Welche Risiken ich offen anspreche
Ein Port ist ein kleiner Eingriff, aber eben kein risikofreies Verfahren. Die wichtigsten Probleme sind Infektionen, Thrombosen, ein verstopfter oder undichter Katheter und - je nach Zugangsweg - selten eine Verletzung des Lungenfells. Gerade deshalb sollte ein Port nur unter sterilen Bedingungen und von geschultem Personal versorgt werden.
- Fieber oder Schüttelfrost
- Rötung, Überwärmung oder Schwellung im Bereich der Wunde
- neu auftretender Schmerz oder Druckgefühl am Port
- Probleme beim Spülen oder bei der Infusion
- Atemnot oder Brustschmerz nach dem Eingriff
Viele dieser Probleme sind behandelbar, aber Zeit ist wichtig. Wer Warnzeichen ernst nimmt, verhindert oft, dass aus einer Kleinigkeit ein Therapieabbruch wird.
Was ich vor dem Termin noch klären würde
Vor dem Eingriff würde ich drei Dinge sauber festziehen: auf welcher Seite der Port geplant ist, wann er voraussichtlich erstmals genutzt wird und wer ihn später spült oder entfernt. Wer bereits eine Operation, Bestrahlung oder Narben im Brustbereich hatte, sollte das unbedingt vorab ansprechen, weil genau diese Details die Lage verändern können.
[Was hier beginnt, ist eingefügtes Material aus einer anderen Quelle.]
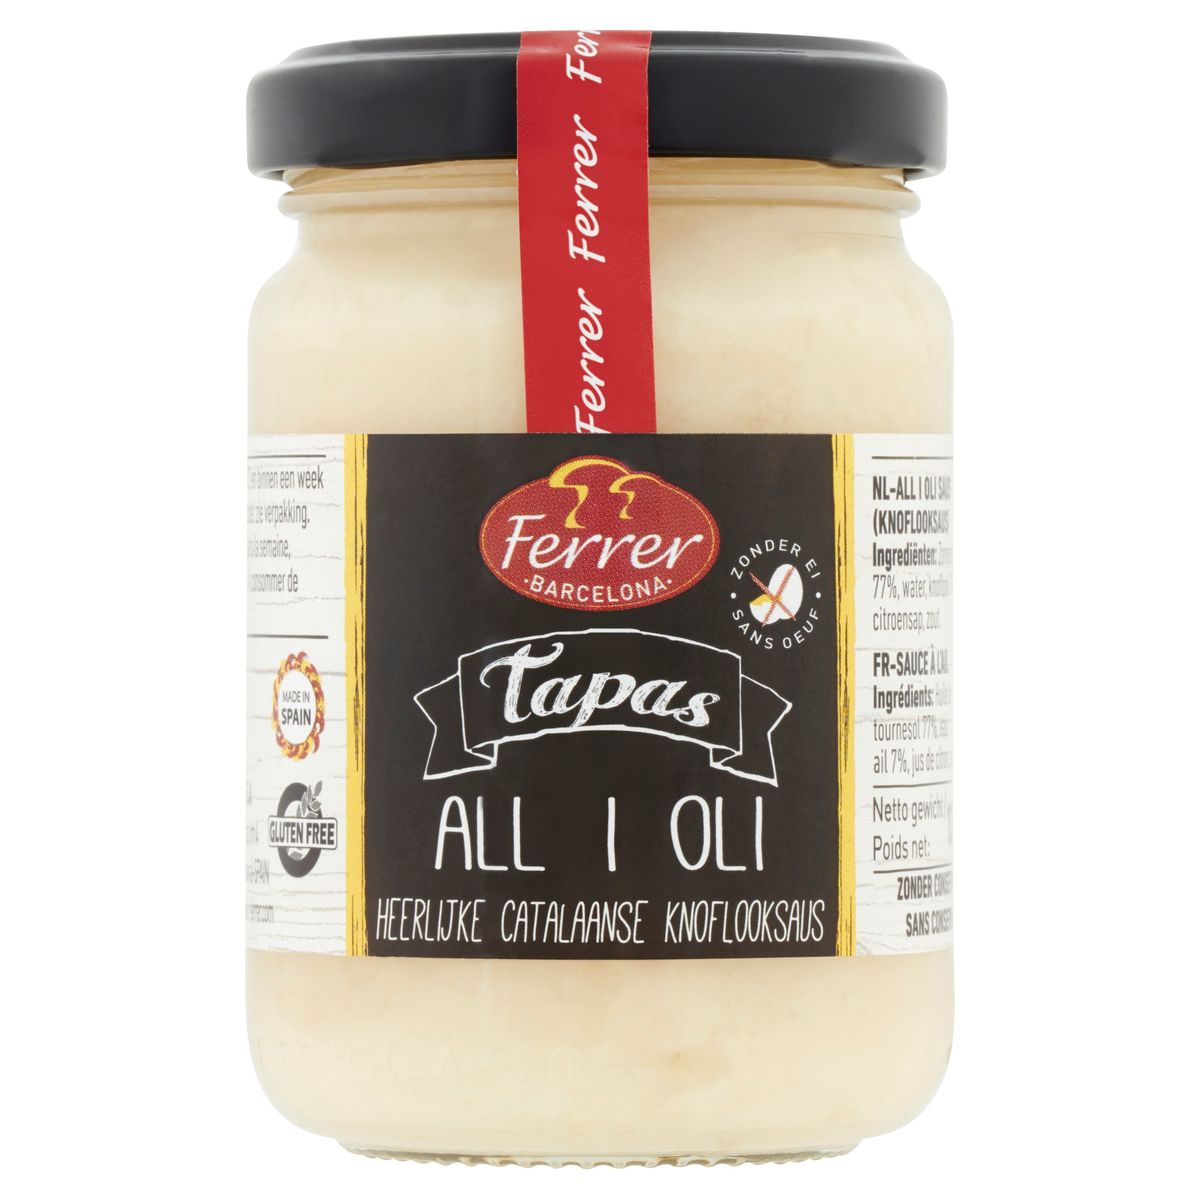 Ferrer Tapas All i Oli 130 g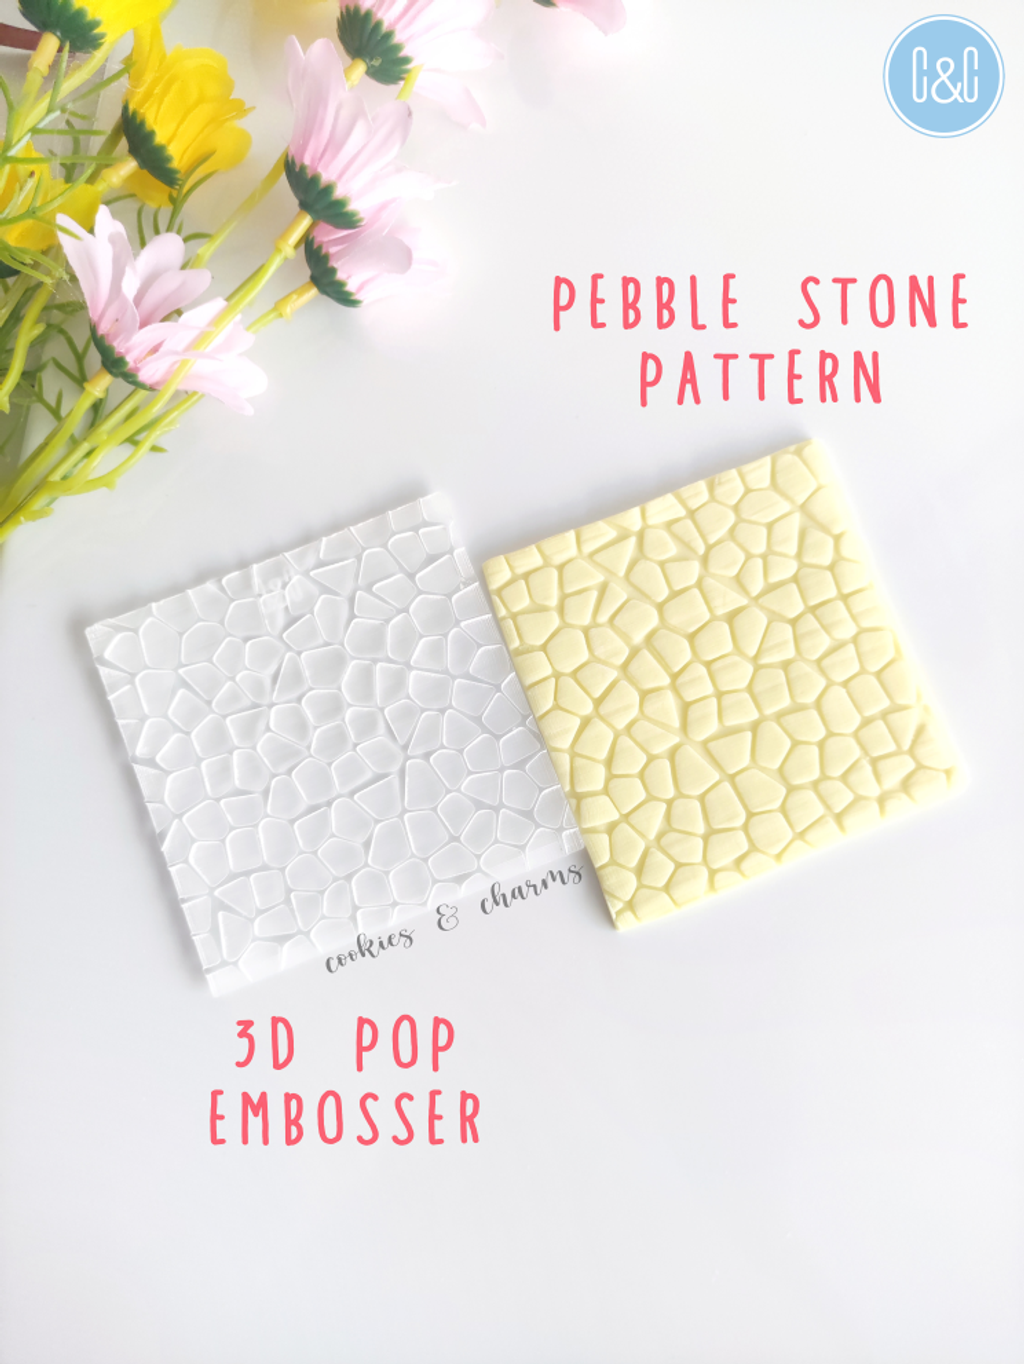 pebble stone pattern 3d pop embosser 1

- Ist ein Brustport oder ein Armport in meiner Situation realistischer?
- Passt die Lage zu geplanten Operationen oder Bestrahlungsfeldern?
- Wann darf der Port erstmals verwendet werden?
So wird aus der Frage, wo ein Port gelegt wird, eine konkrete medizinische Entscheidung statt nur eine technische Detailfrage. Für viele Betroffene ist genau das der Punkt, an dem Krebstherapie planbarer und im Alltag deutlich leichter wird.